- **Your task**:
Starting at the line below with "#EnchufaDÍN | Felicita" and stopping at the line with "Foto 4 : Appartement", please print each line exactly, those two included, and skip every picture.

- **Data for this task**:

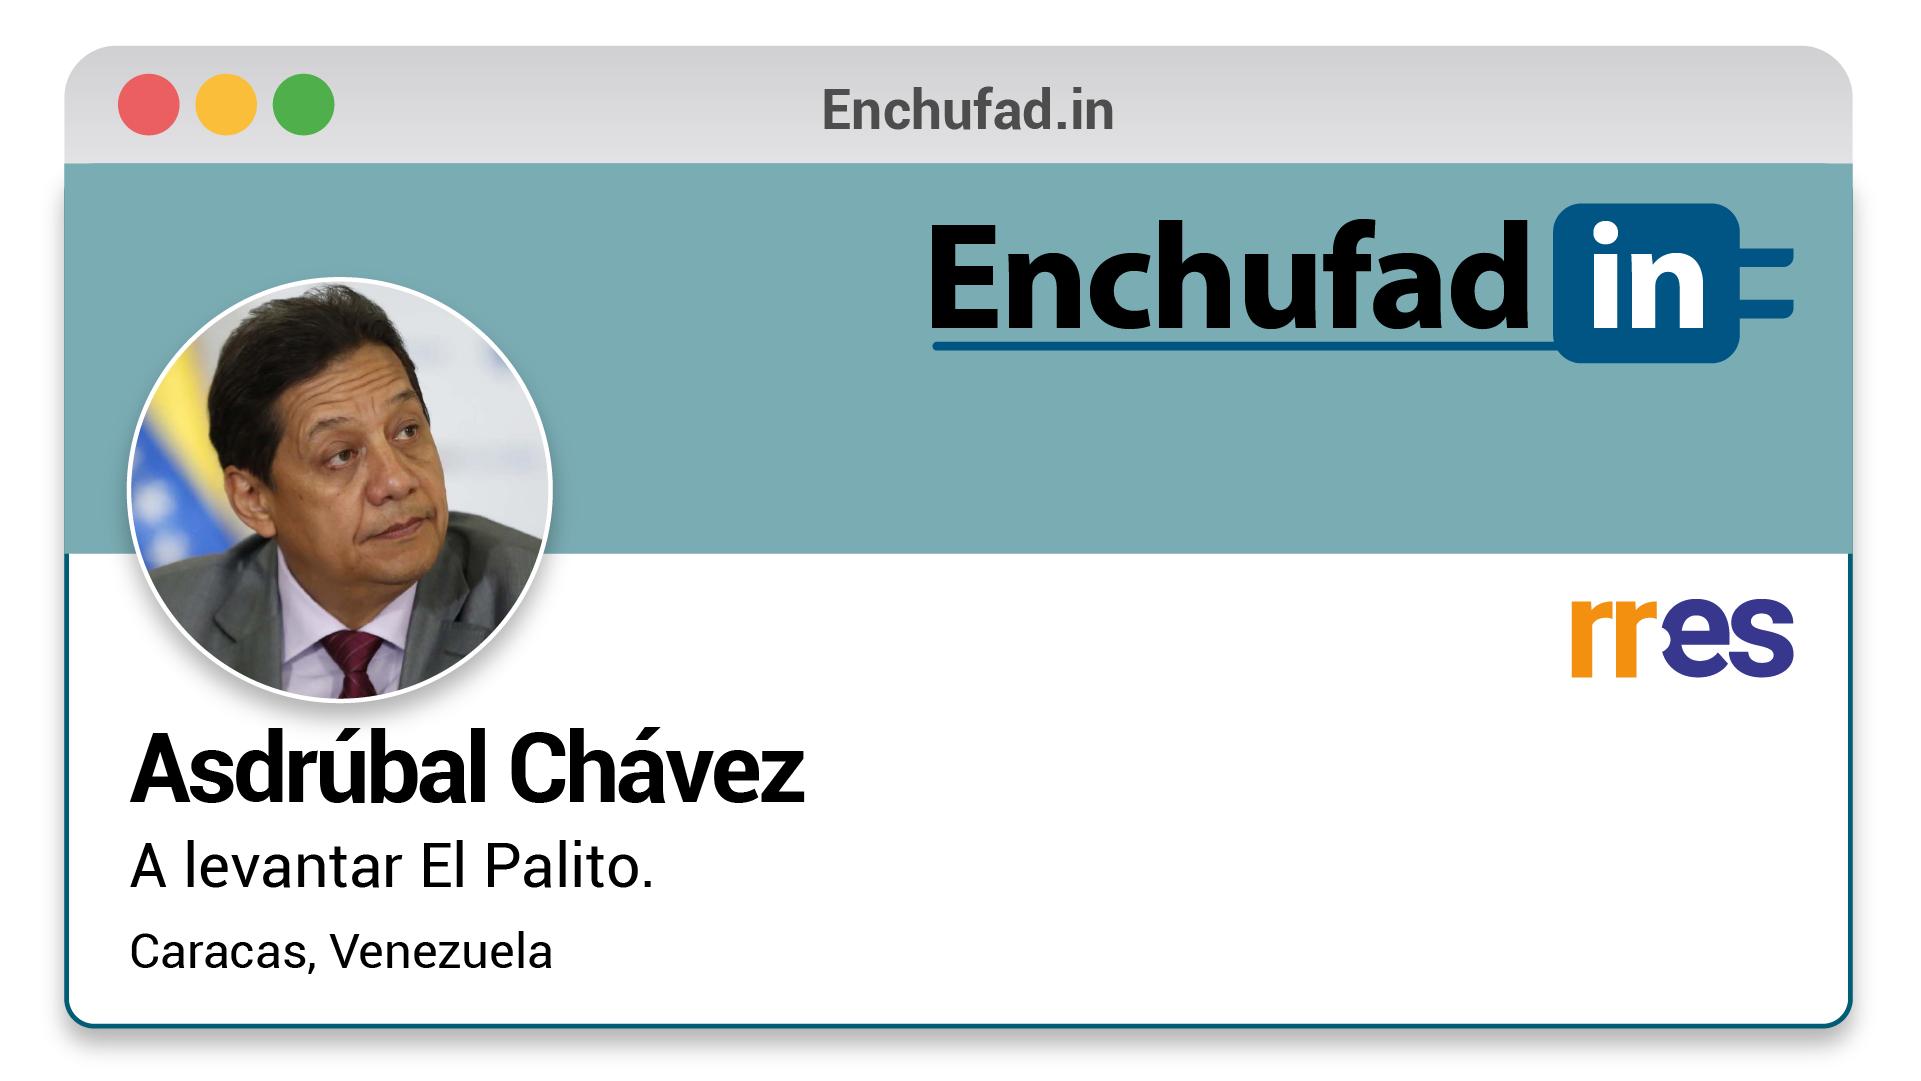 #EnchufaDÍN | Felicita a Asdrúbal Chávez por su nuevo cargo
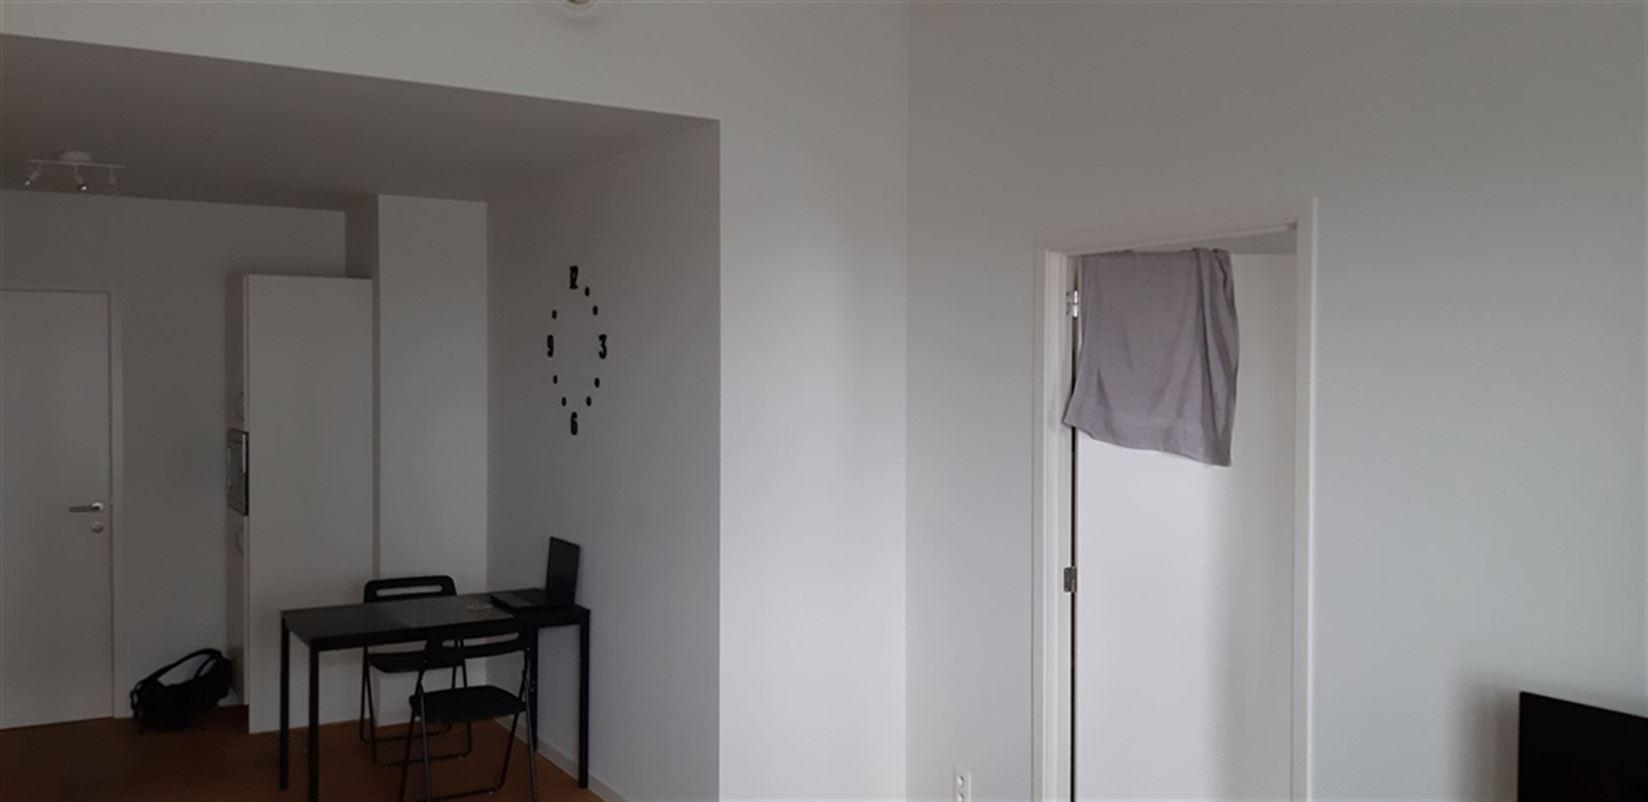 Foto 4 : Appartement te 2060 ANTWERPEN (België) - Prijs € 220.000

---

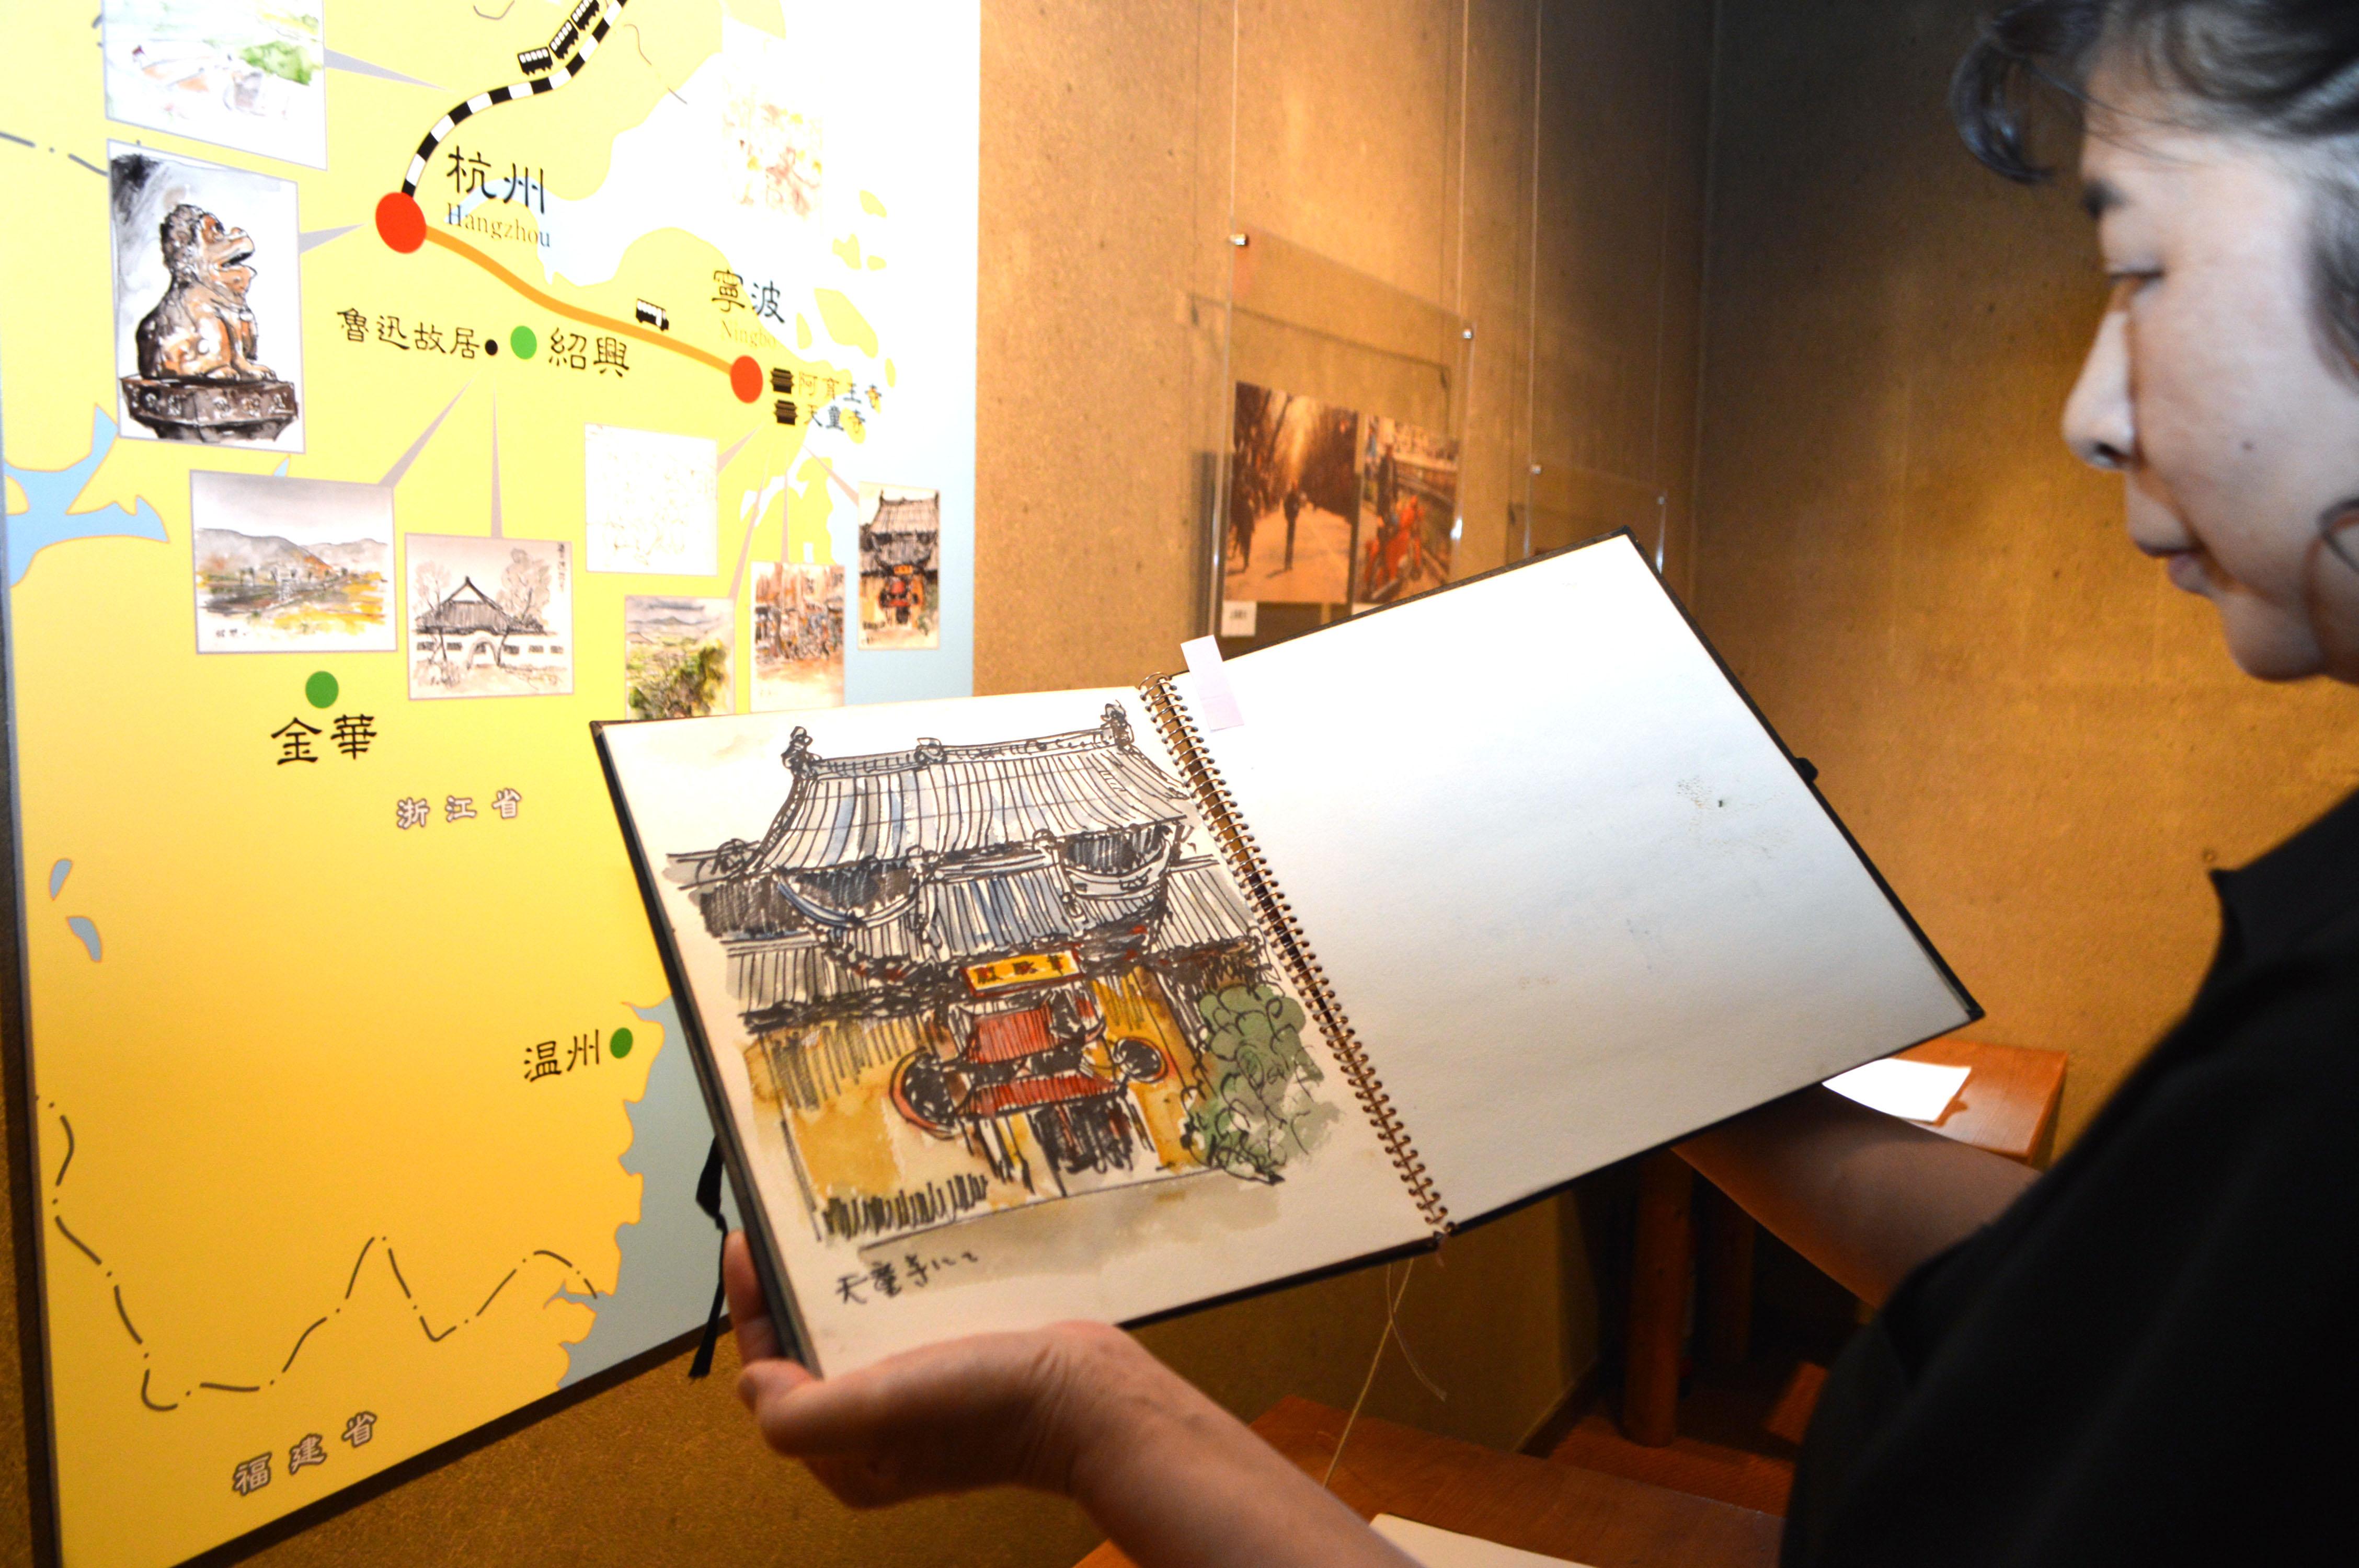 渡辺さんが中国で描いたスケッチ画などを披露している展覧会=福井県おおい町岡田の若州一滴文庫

- **Answer area**:
 #EnchufaDÍN | Felicita a Asdrúbal Chávez por su nuevo cargo
 Foto 4 : Appartement te 2060 ANTWERPEN (België) - Prijs € 220.000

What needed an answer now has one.